Faroese missionary (1894–1961)

Victor Danielsen (28 March 1894 – 2 February 1961) was the first Faroese Bible translator and Plymouth Brethren missionary.
Victor Danielsen played a pivotal role in the Plymouth Brethren's establishment in the Faroe Islands after it was introduced there by William Gibson Sloan in the late nineteenth century.

== Biography ==
Victor Danielsen was born in the settlement of Søldarfjørður on the island of Eysturoy. In 1911, Danielsen started training as a teacher in Tórshavn and completed his course in 1914. He was appointed teacher at the schools in Søldarfjørður, Glyvrar and Lamba. He quit his teaching positions, however, after only six months to pursue his vocation as a missionary.

Danielsen quit the established Faroese People's Church in 1916 and attached himself to the Brøðrasamkoman (Faroese Plymouth Brethren). He married in 1920 and moved with his wife to Fuglafjørður, where he worked as a full-time worker in Siloa Assembly and itinerary missionary for the Faroese Plymouth Brethren.
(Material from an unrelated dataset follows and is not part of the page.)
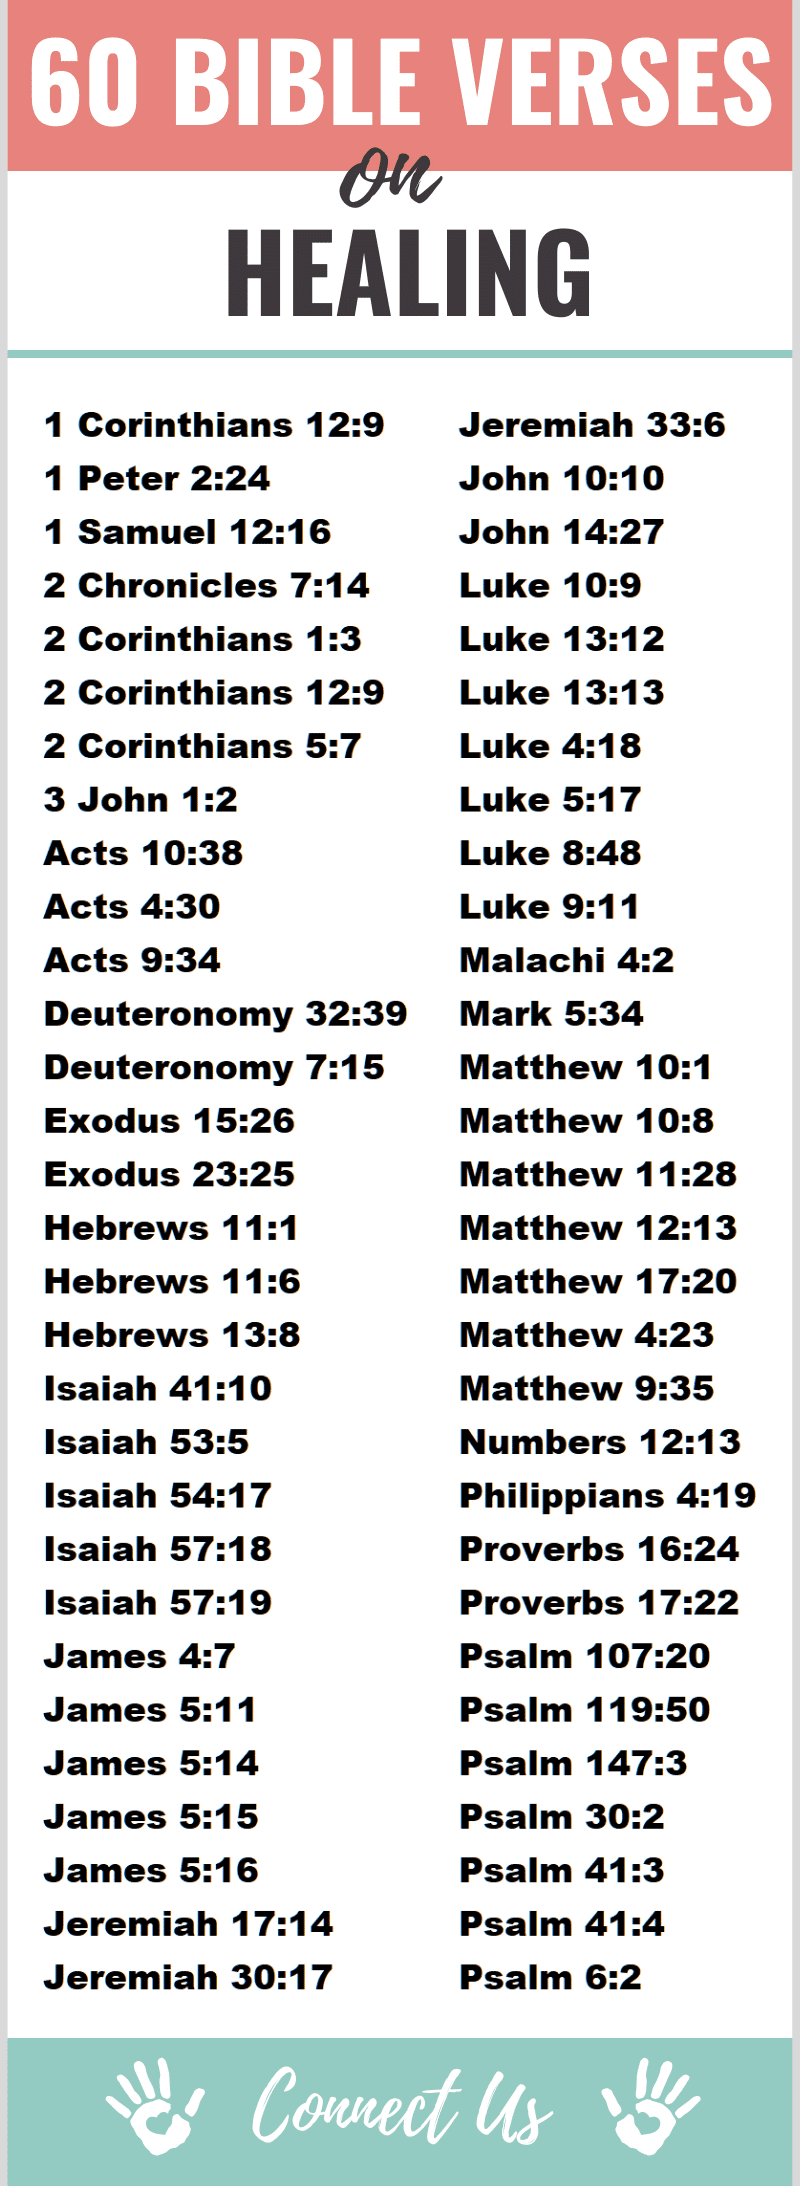 Bible Verses on Healing

In 1930, the assembly of the Plymouth Brethren in Tórshavn requested Danielsen translate the Epistle to the Galatians into the Faroese language. The resulting translation so enthused the congregation that Danielsen was requested to translate the entire New Testament as well. This translation was published in March 1937, a few weeks before the publication of Jákup Dahl's translation, which had been authorised by the Faroese People's Church.

Upon the completion of the translation New Testament, Victor Danielsen pushed forward with the translation of the Old Testament, a task he completed in 1939. Danielsen's translation, however, based itself on other modern languages whereas Dahl's translation was based on the original Hebrew text. Because of the Second World War, Danielsen translation wasn't published until 1949. The translation of Dahl and Kristian Osvald Viderø wasn't published until 1961.

Victor Danielsen was known as an extraordinarily energetic and productive man. Apart from his Bible translations, he versified 27 Psalms and translated 800 Psalms and hymns, as well as writing two novels of a religious nature. Victor Danielsen died at Fuglafjørður.